Closed frgfm closed 3 years ago

frgfm commented 3 years ago

Following up on #45, I think it is sound to have a discussion about the multiple access levels in the API. With the current design of scopes, we cannot efficiently separate accesses of large user groups.

Requirements

Design suggestion

Simply put, I believe two fields are required:

frgfm commented 3 years ago

Hi @florianriche :wave:

I had the occasion to think about this over the weekend and here is my suggestion !

Feature constraints

Design suggestion

I think we would benefit from splitting the work into the following PRs:

Any thoughts @pyronear/back-end ?

florianriche commented 3 years ago

Seems like a good design to me. However I think there is an issue for the last point. In the "Security" schema, you don't have have access to the requested id. E.g for this route below:

@router.get("/{user_id}/", response_model=UserRead, summary="Get information about a specific user")
async def get_user(user_id: int = Path(..., gt=0), _=Security(get_current_user, scopes=["admin"])):

We can't pass user_id to get_current_user (or any other function for that matters).
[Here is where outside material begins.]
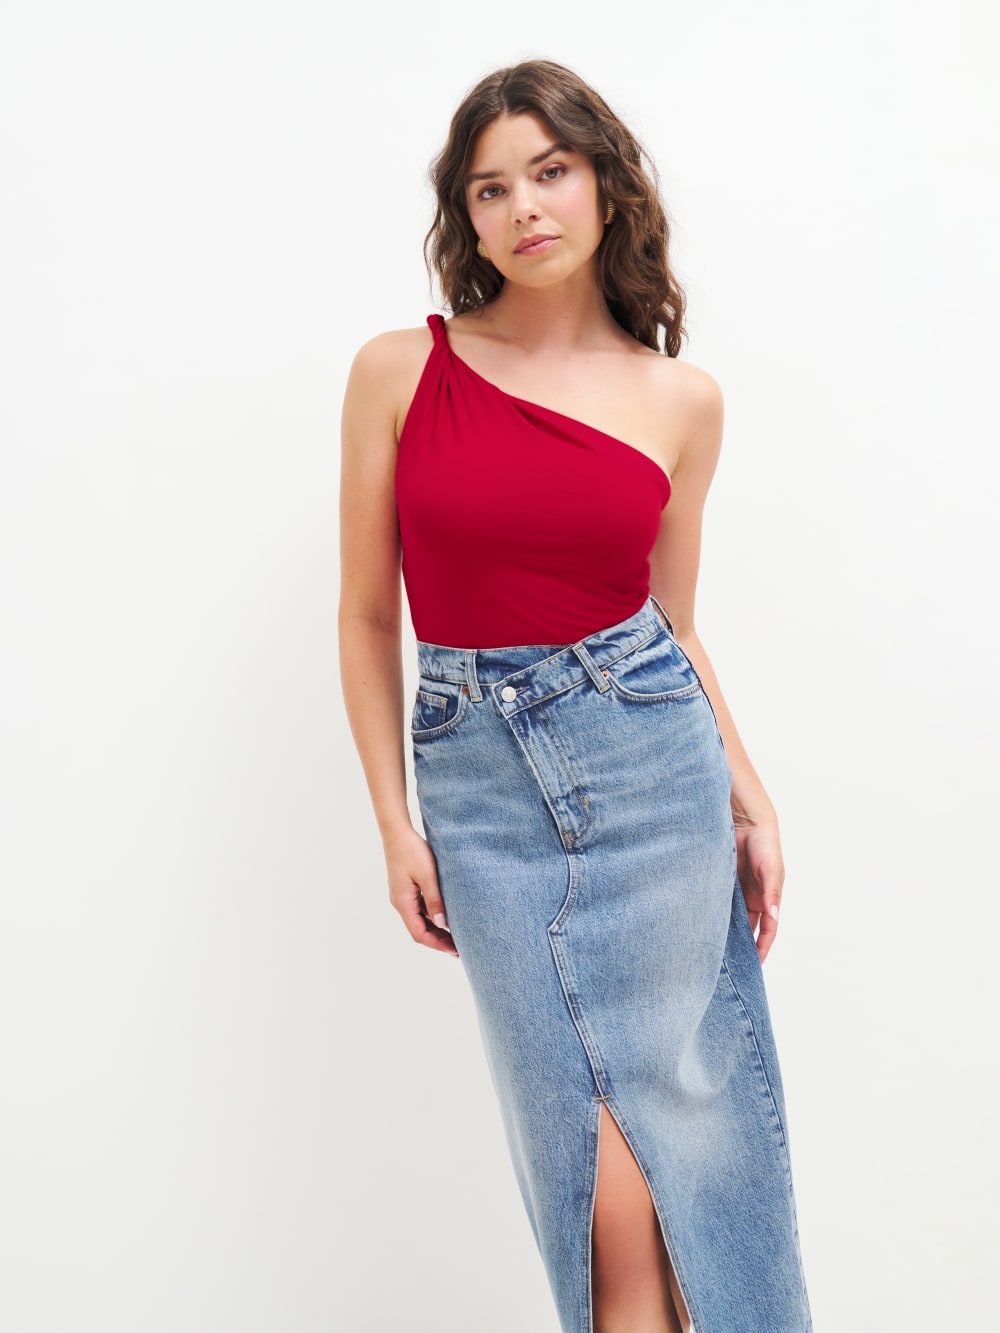 Tap into the red trend this season with Reformation's Sianna knit top in red. It has a one-shoulder neckline with twisted strap detail and a form-fitting silhouette. 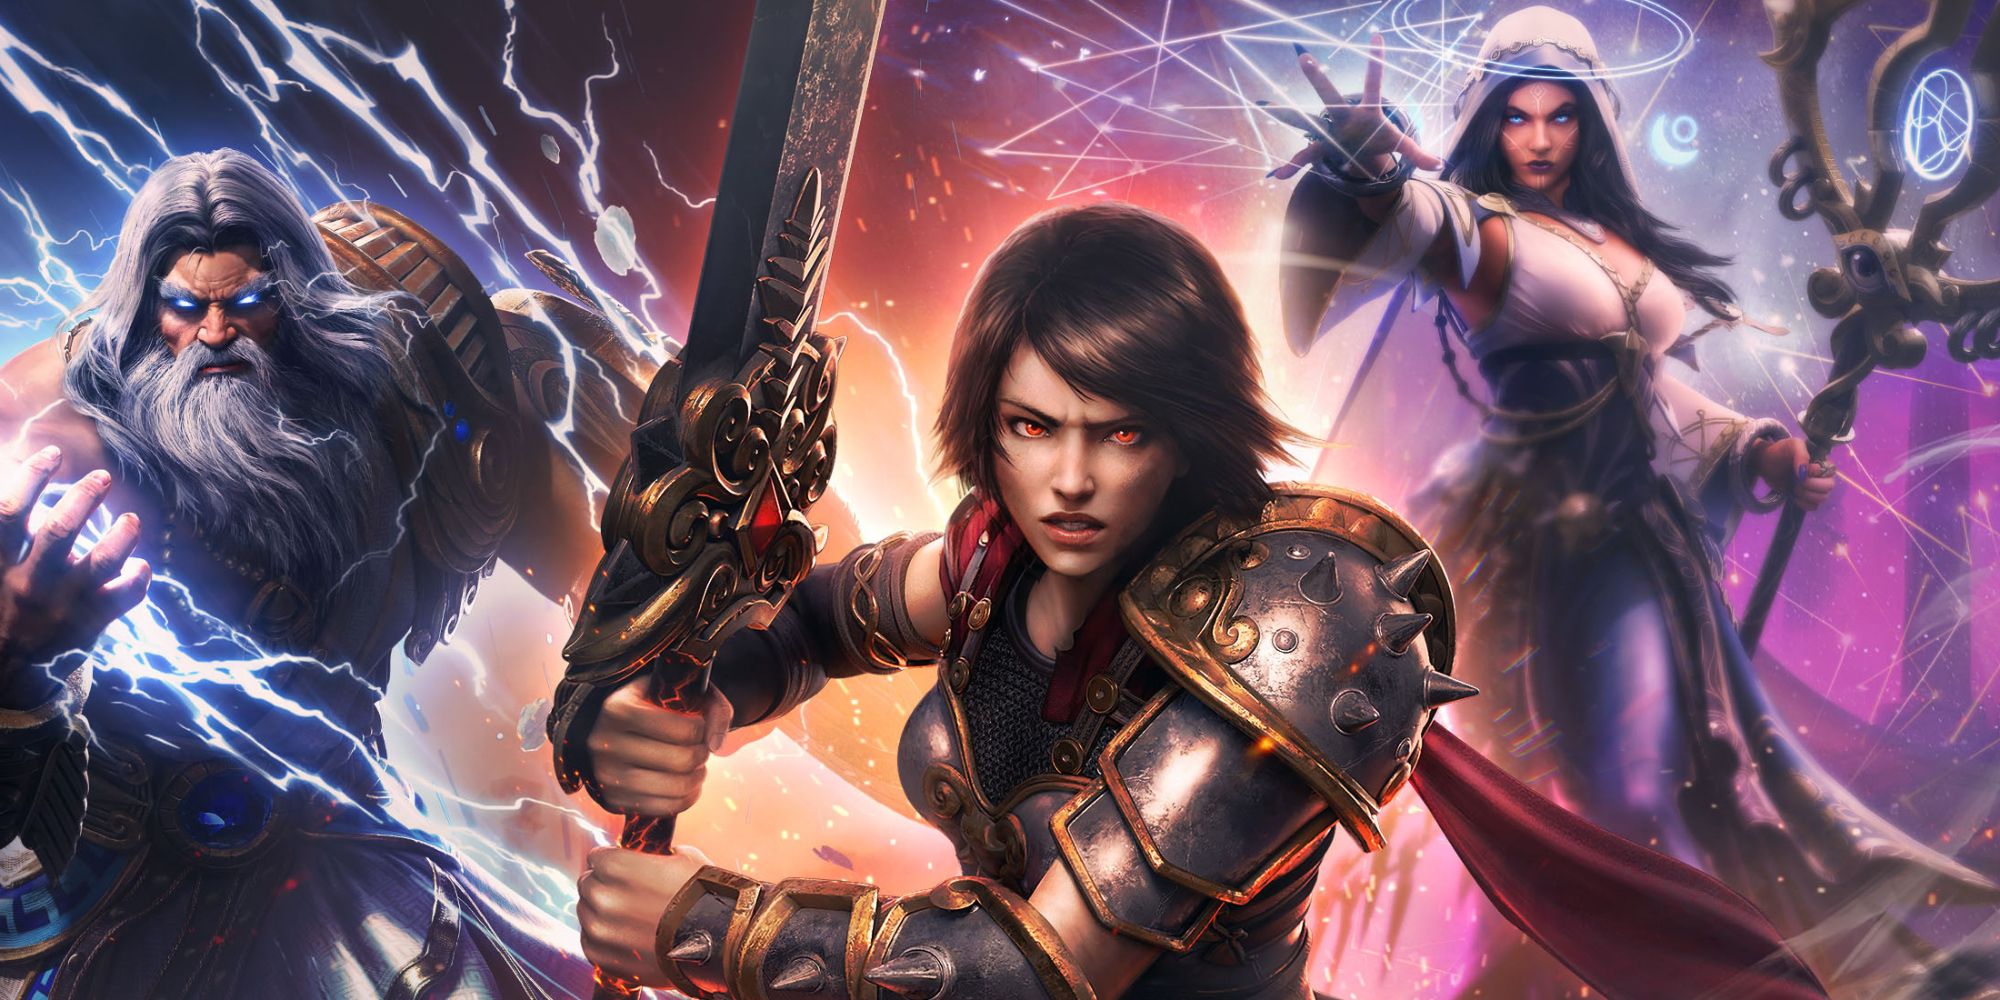 Zeus, Bellona, and Hecate in the announcement image for Smite 2

I guess that could be solved through a refactor (e.g: using a decorator somehow but my point) but my point is that it won't be as trivial as expected.

frgfm commented 3 years ago

@florianriche sorry I didn't get your point. Since get_current_user can be changed with get_current_access we will have access to the scopes and group_id for instance ?

Apart from that, let's turn your #137 into the standalone group PR if that's alright with you :)

florianriche commented 3 years ago

What I mean is that you can't pass arguments to get_current_user/get_current_access. So you can't make sure that the resources that is being requested belong to the current user group. You will have to handle that loic directly into the route code. That is doable, just not as clean as altering get_current_user. But maybe I am overlooking somehing.

Agree to alter #137, will do that.

florianriche commented 3 years ago

@pyronear/back-end / @frgfm I am ready to iterate further on that topic but do we agree that we can't use exactly the same mechanism as the "Security" one (see previous message) ? I just want to make sure I understand all the mechanisms you have in mind.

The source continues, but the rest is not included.